If you experience a serious side effect, you or your doctor may send a report to the Food and Drug Administration's (FDA) MedWatch Adverse Event Reporting program online [at Web Site] or by phone [1-800-332-1088].
Keep this medication in the container it came in, tightly closed, and out of reach of children. Store the patches in their protective pouches and do not open a pouch until you are ready to apply the patch. Store this medication at room temperature and away from excess heat and moisture (not in the bathroom). Throw away any medication that is outdated or no longer needed. Talk to your pharmacist about the proper disposal of your medication.
In case of overdose, call your local poison control center at 1-800-222-1222. If the victim has collapsed or is not breathing, call local emergency services at 911.

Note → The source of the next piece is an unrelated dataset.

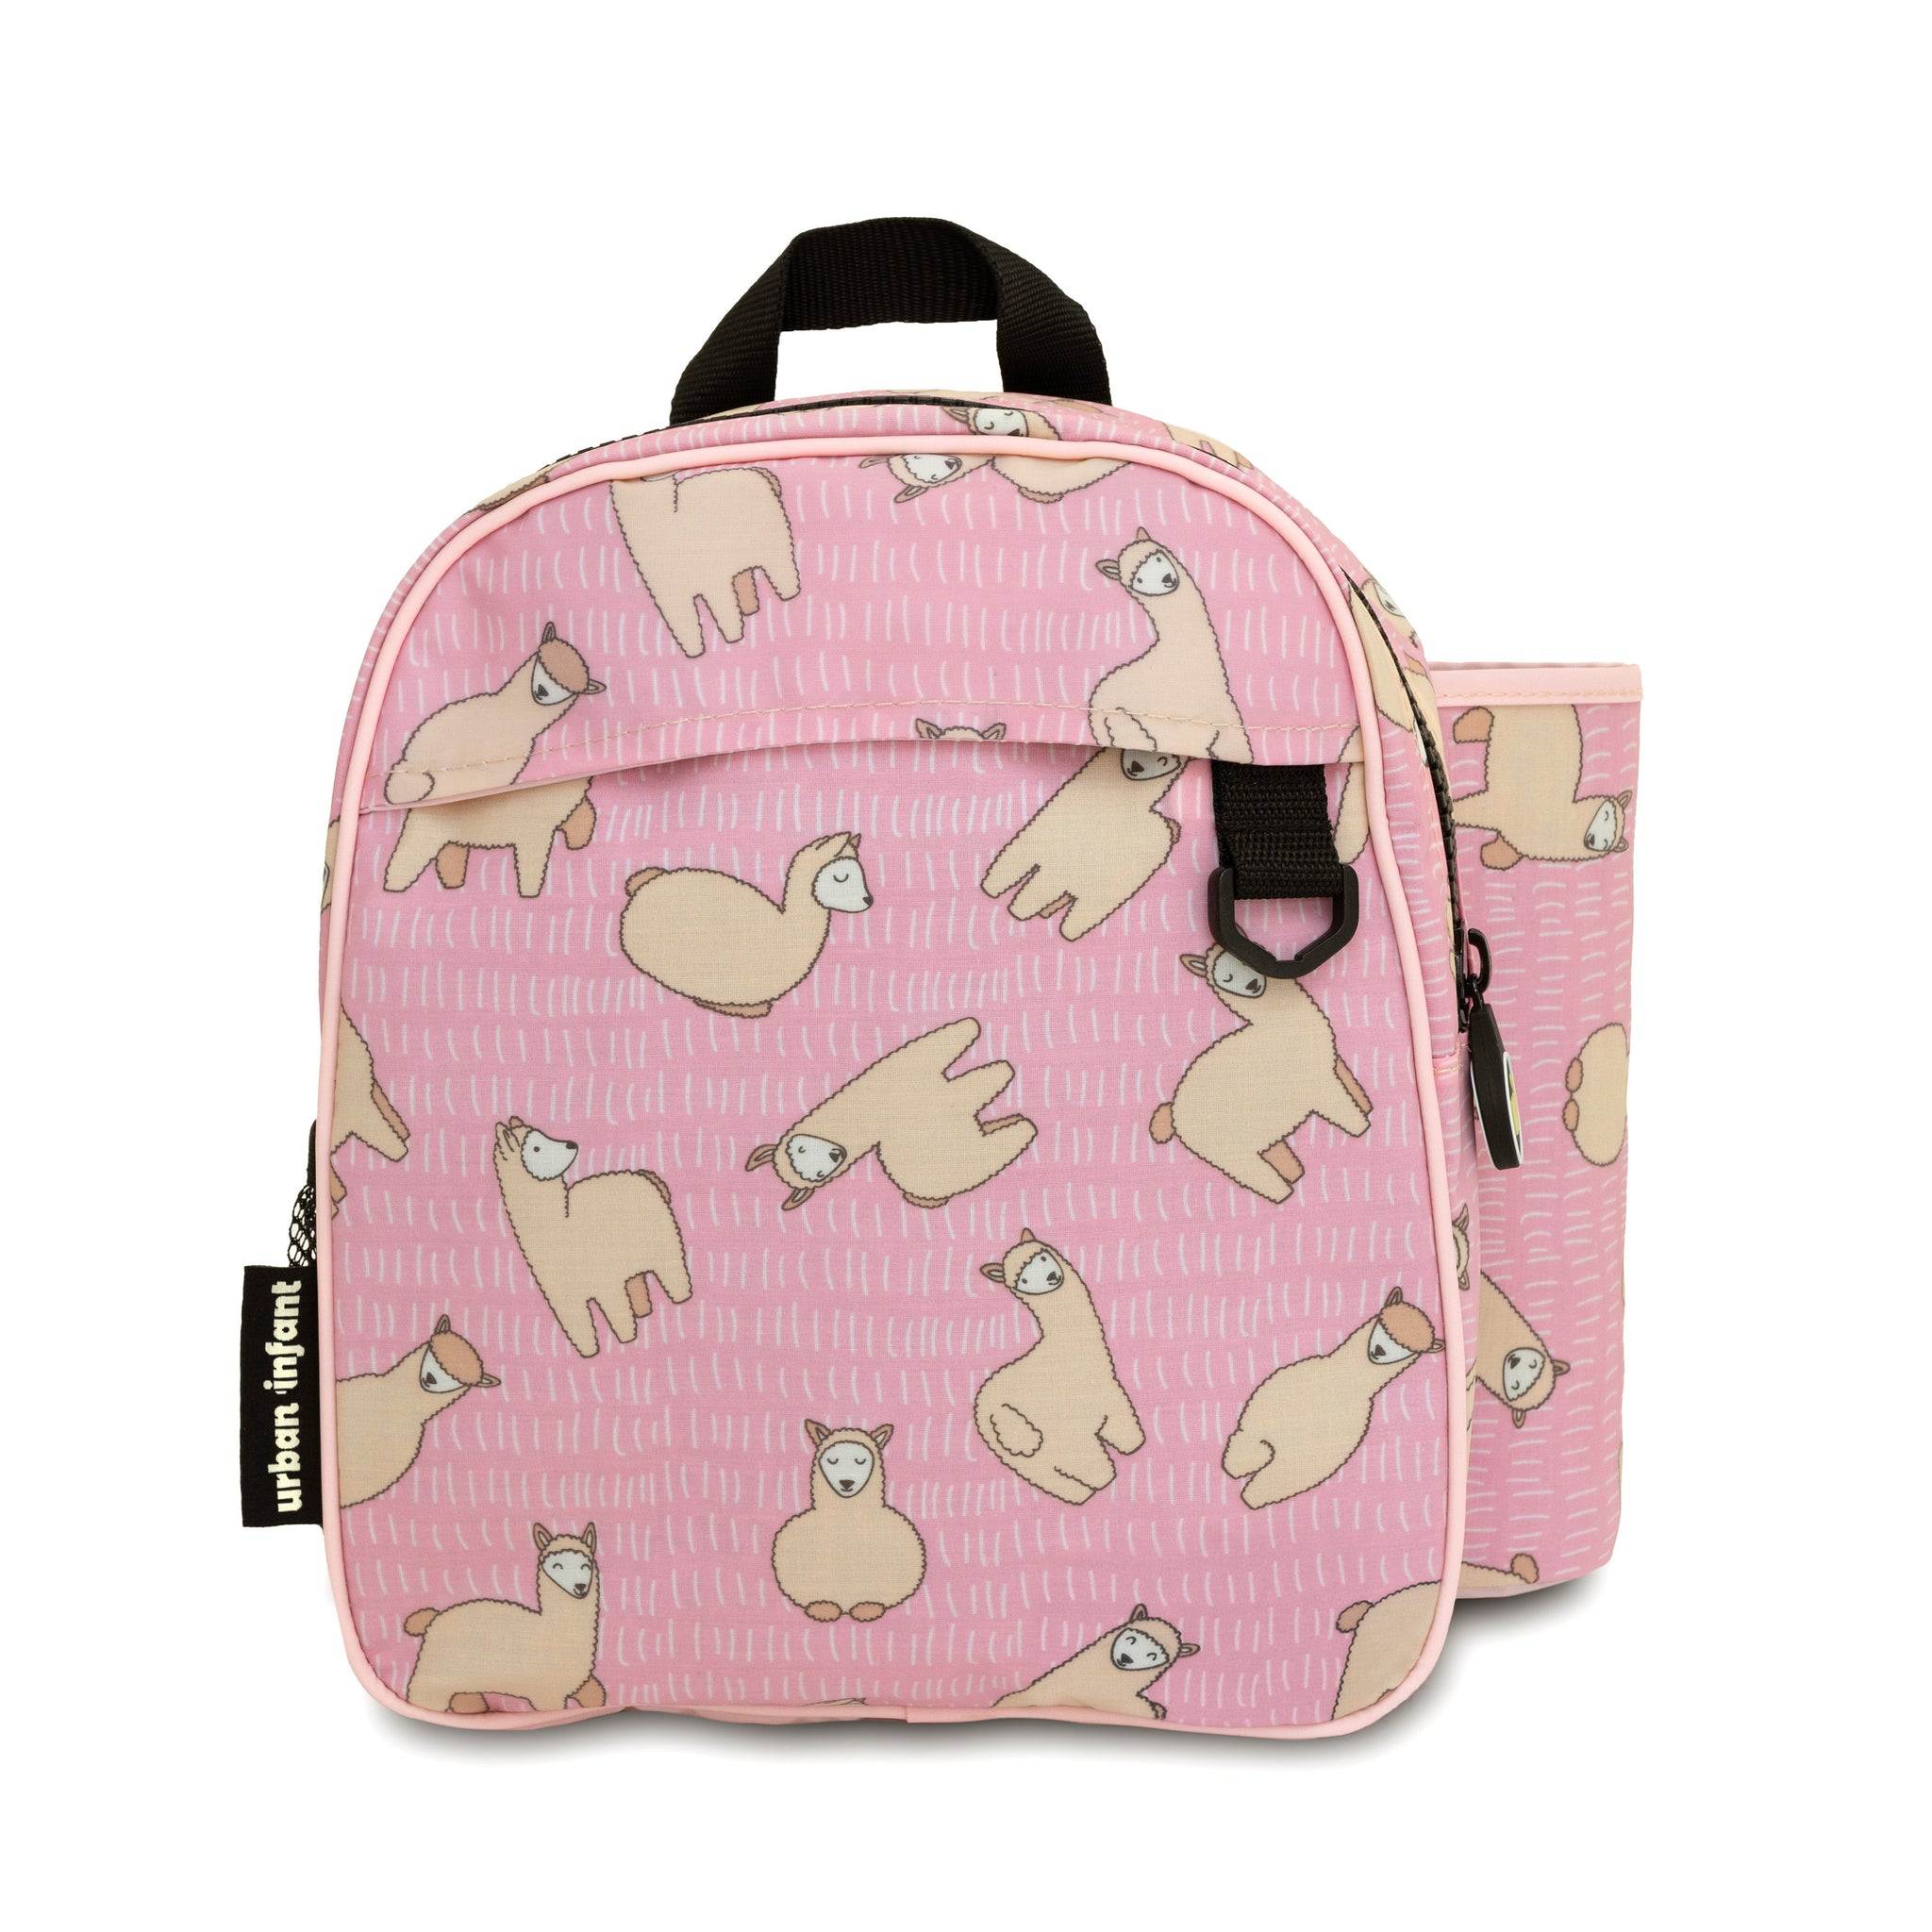 Urban Infant Kids Packie Backpack – Preschool Daycare Lightweight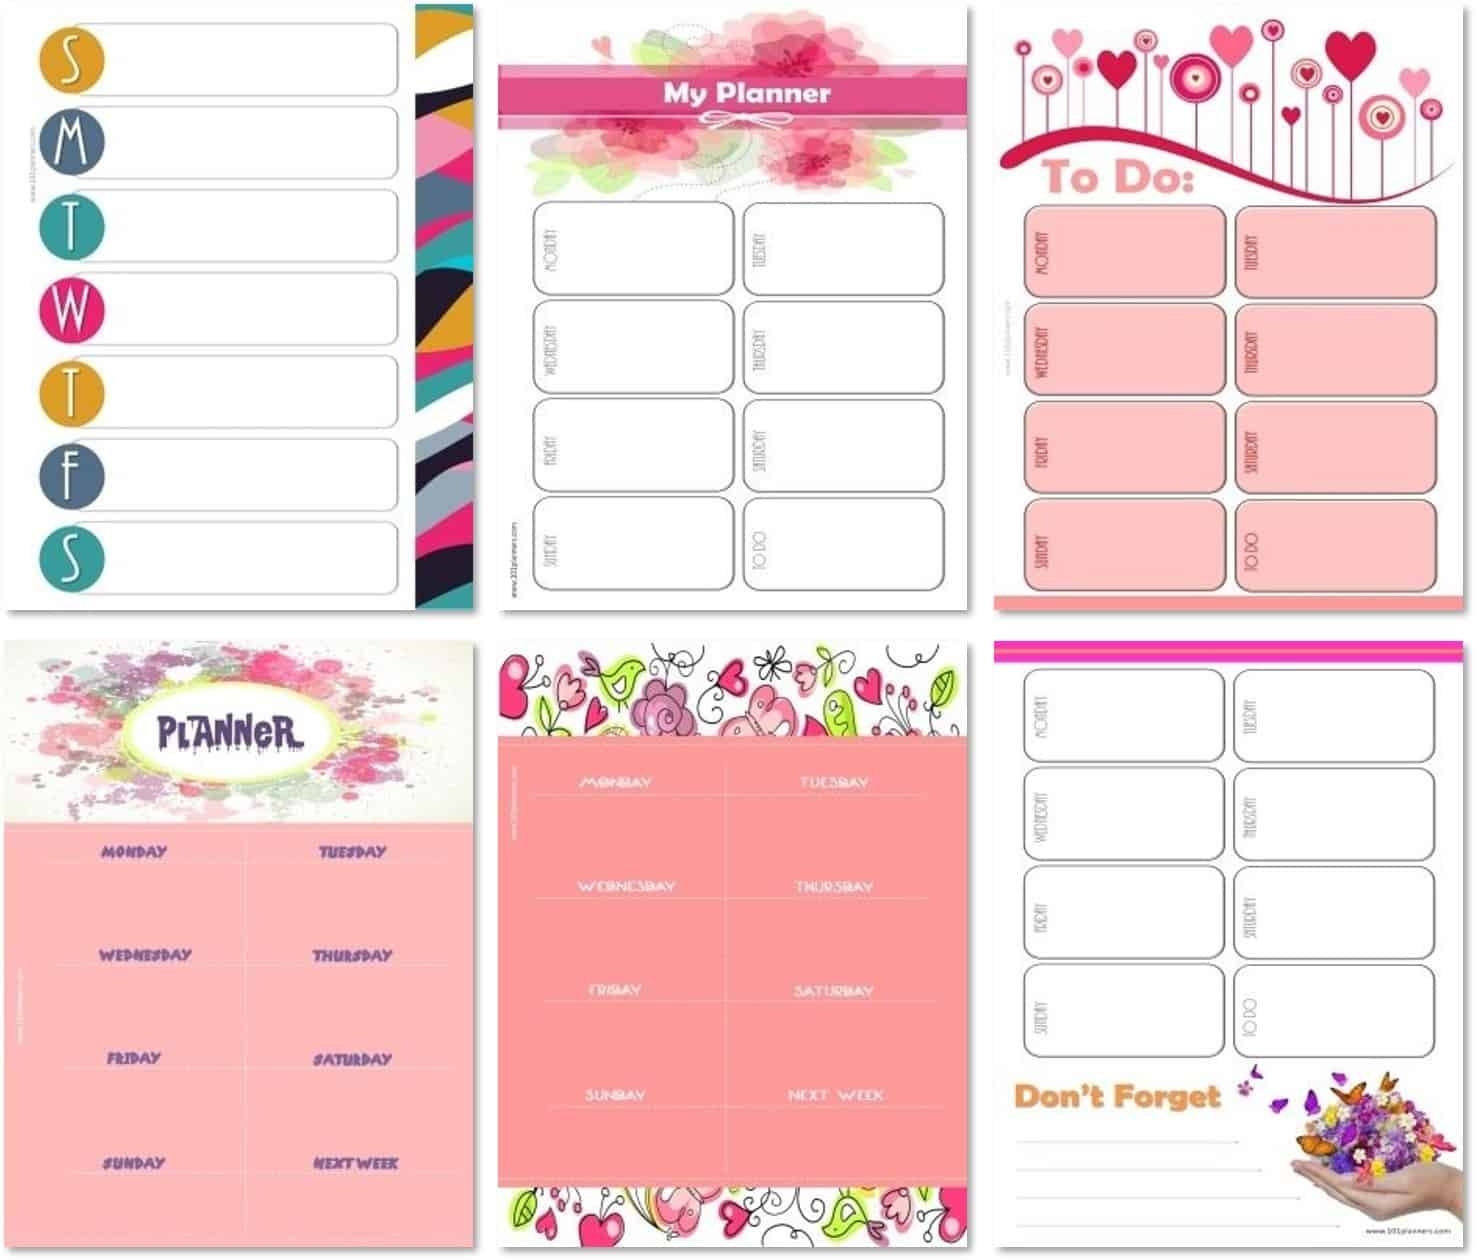 Weekly Calendar Maker | Create Free Custom Calendars

Symptoms of overdose may include:
- dry skin
- sunken eyes
- extreme tiredness
- irregular heartbeat
- inability to urinate
- memory loss
- semi-awake state
- wide pupils
Keep all appointments with your doctor
Do not let anyone else take your medication. Ask your pharmacist any questions you have about refilling your prescription.
It is important for you to keep a written list of all of the prescription and nonprescription (over-the-counter) medicines you are taking, as well as any products such as vitamins, minerals, or other dietary supplements. You should bring this list with you each time you visit a doctor or if you are admitted to a hospital. It is also important information to carry with you in case of emergencies.
AHFS® Consumer Medication Information. © Copyright, The American Society of Health-System Pharmacists, Inc., 7272 Wisconsin Avenue, Bethesda, Maryland. All Rights Reserved. Duplication for commercial use must be authorized by ASHP.
Last Reviewed: September 1, 2010.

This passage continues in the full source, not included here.